Everybody wants to win and while winning isn’t everything nobody goes into a situation and says, “How do I lose?  How do I make sure that I prep myself to fail?”  A lot of careers are based on wins and losses–it’s a numbers games (that will never change). Just as a batter lines up for a pitch, you go into any recruiting situation prepared to talk to a candidate, sell him on the job, get his resume reviewed and hit it out of the park every time you send it to the manager.

That being said, recruiters don’t get paid on resumes. They get paid based on the success of that resume turning into something more than just a piece of paper. So naturally it makes sense to focus on the piece of the pie that has catered to your success and results in more “wins”. However, that doesn’t happen every time. Although we try to prepare for whatever might get thrown at us and mitigate the risk, you might not always have the “perfect” position or candidate, but put a positive spin on things and look at it as a chance to get even better at what you do!

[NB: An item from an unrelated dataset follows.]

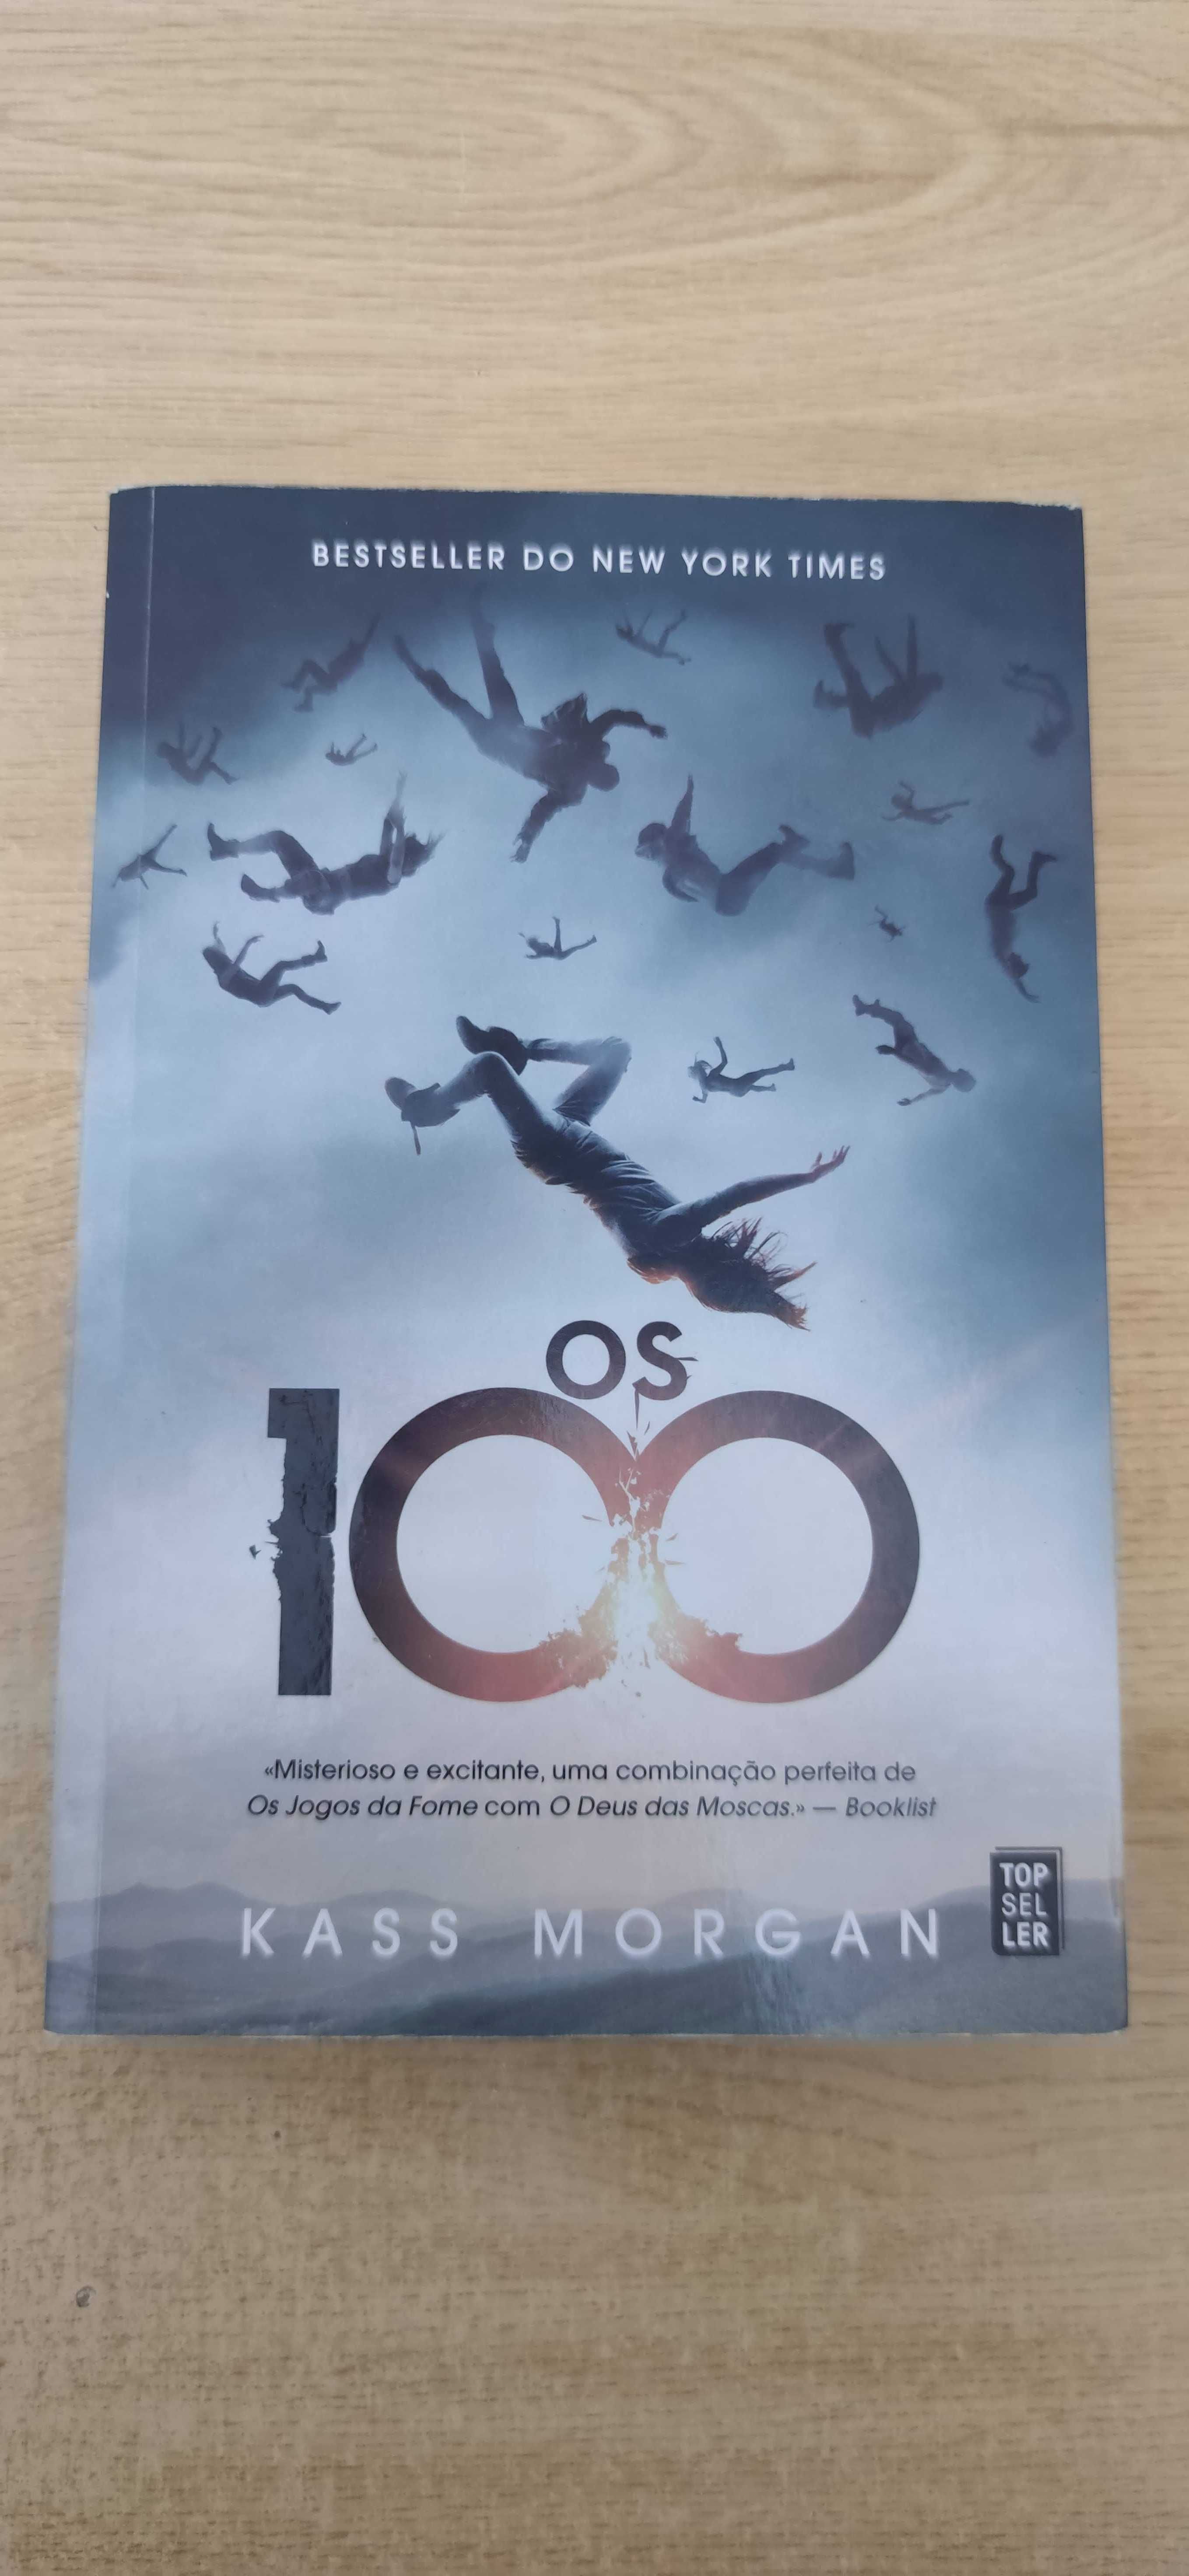 Livro - Os 100 de Kass Morgan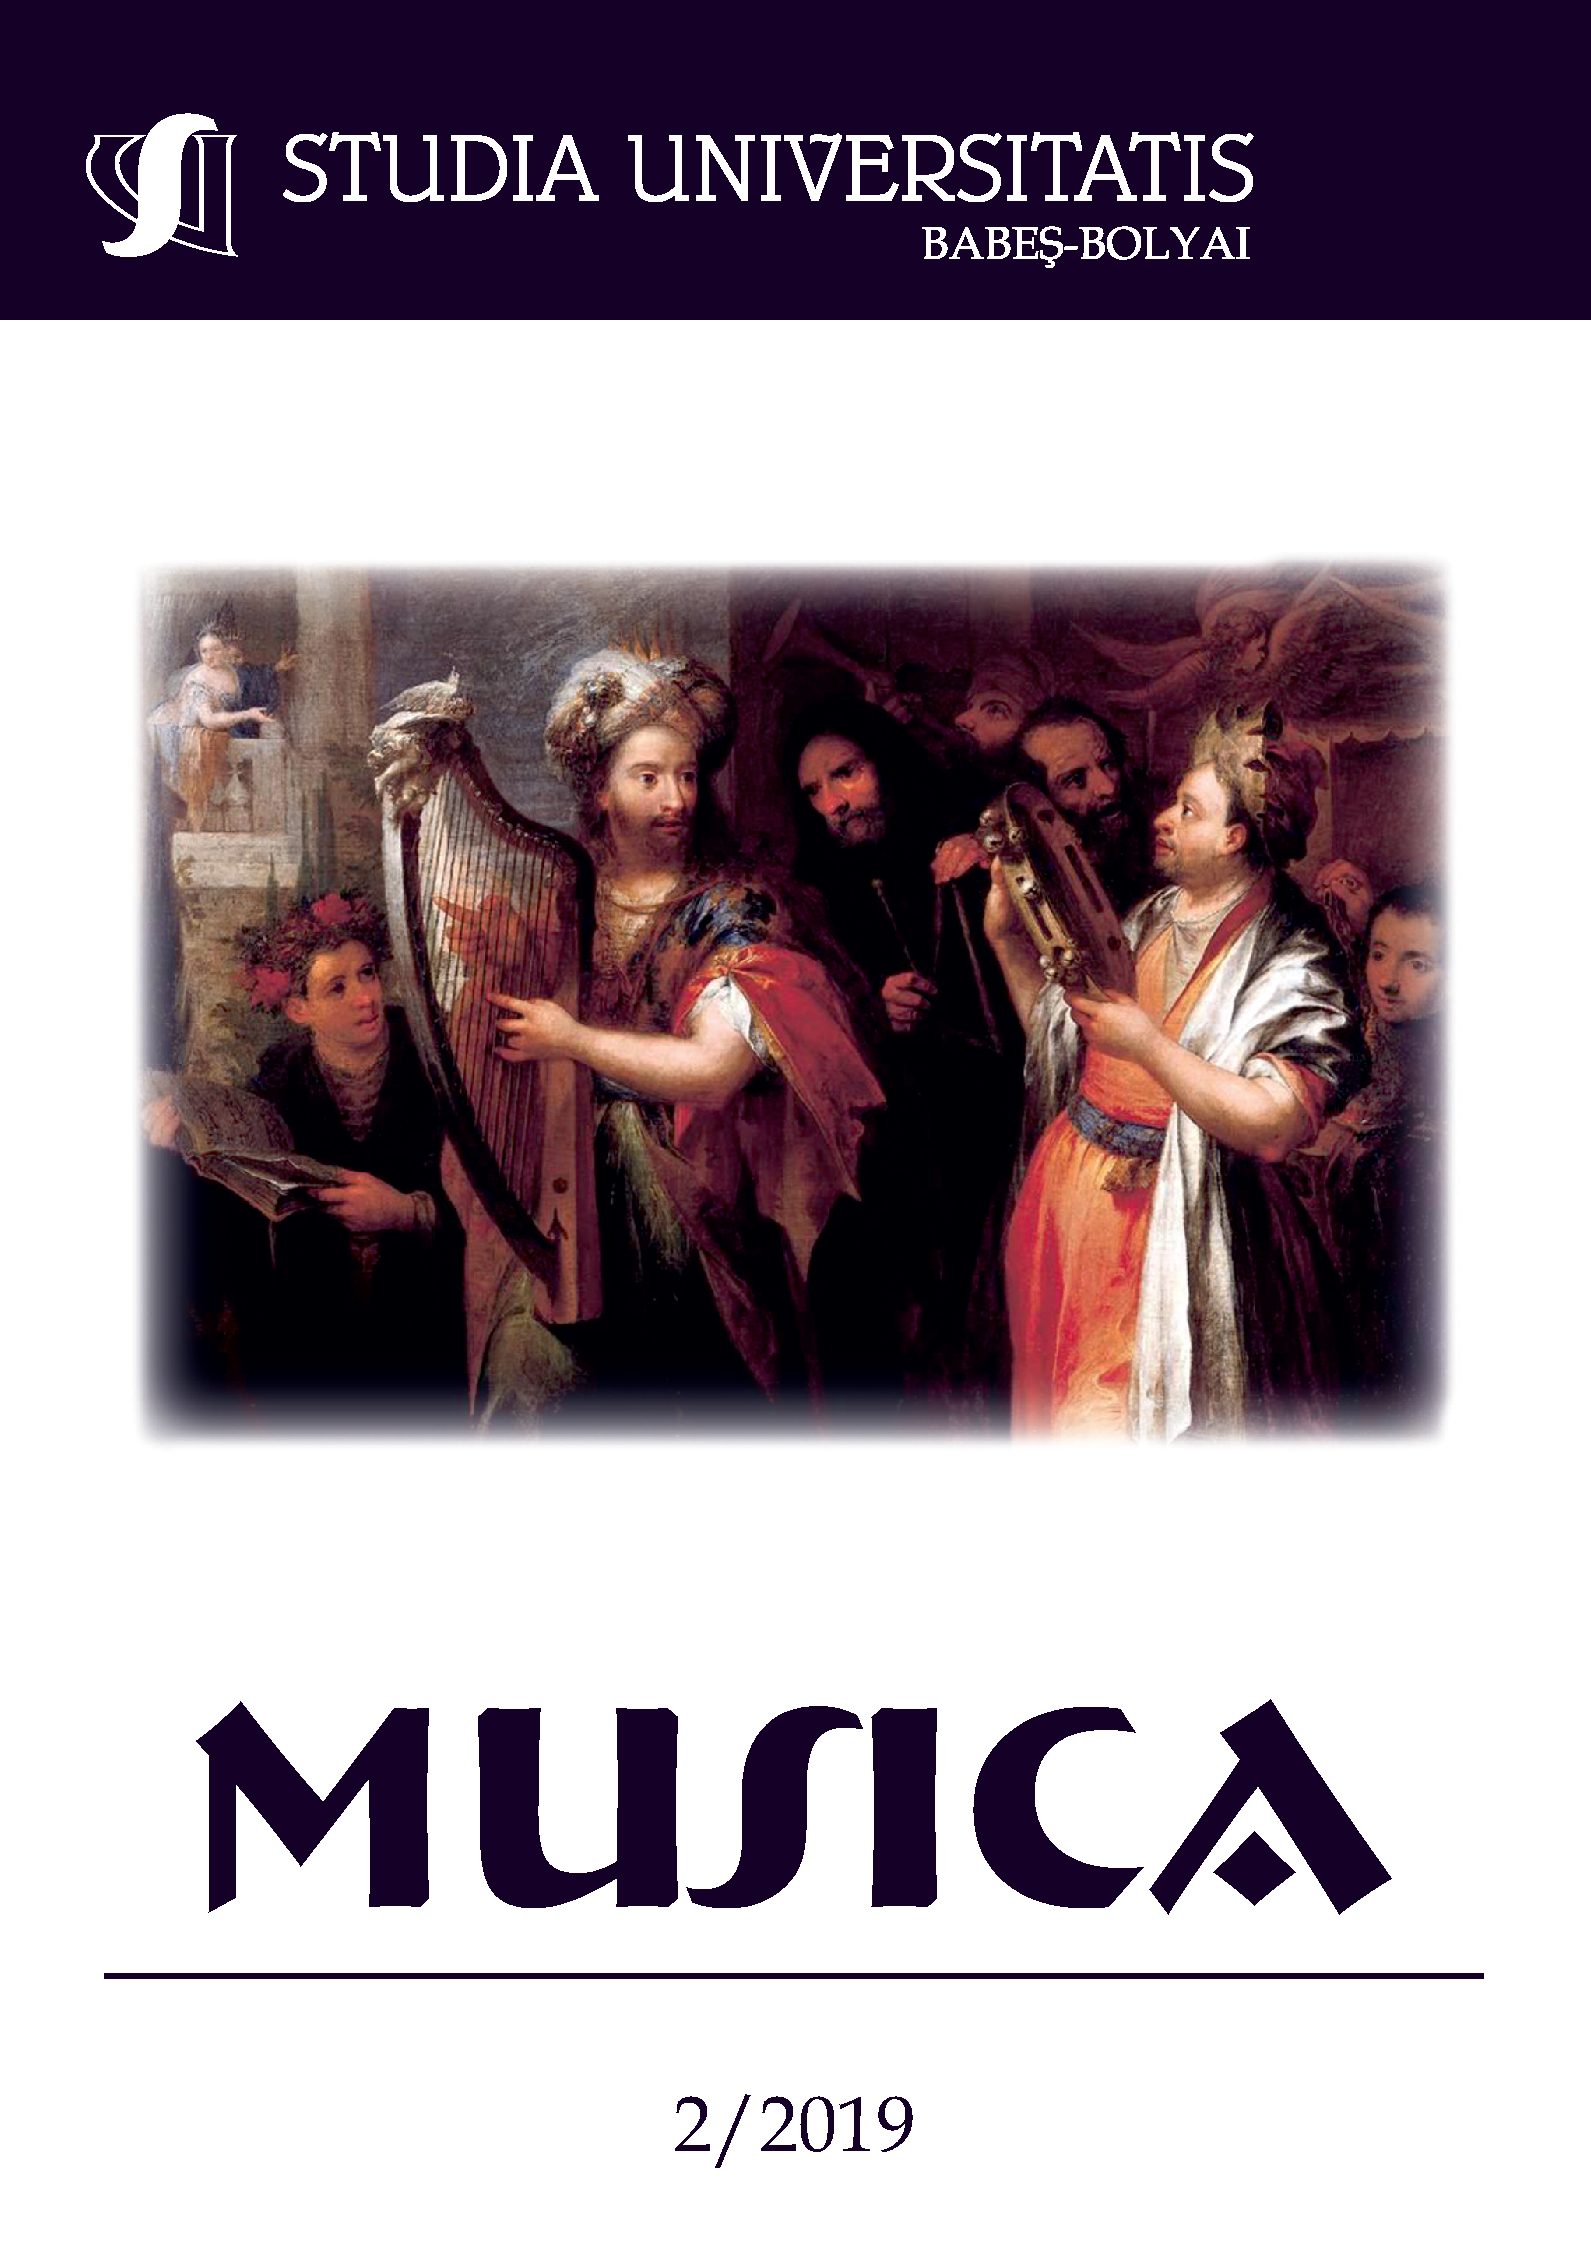 STUDIA UBB MUSICA, Volume 64 (LXIV), No. 2, December 2019

Recruiters fail a lot more than they succeed but what tends to sabotage their careers is when they focus on their frustrations, elements out of their control and the ability of others to carry out what they feel should have been their own success. Sometimes there is no logical reason why a candidate doesn’t convert to a hire; some people call it pure luck, some people call it destiny. I call it learning how to lose. The best thing you can do is move on with your head up high knowing you gave it your all.

The bottom line is this: give each opportunity 110% every time and even if things don’t work out in your favor, don’t dwell on your losses.  If you let negativity fuel your mind you’ll psych yourself out and you will never win. But learning from those moments will make you a powerhouse recruiter.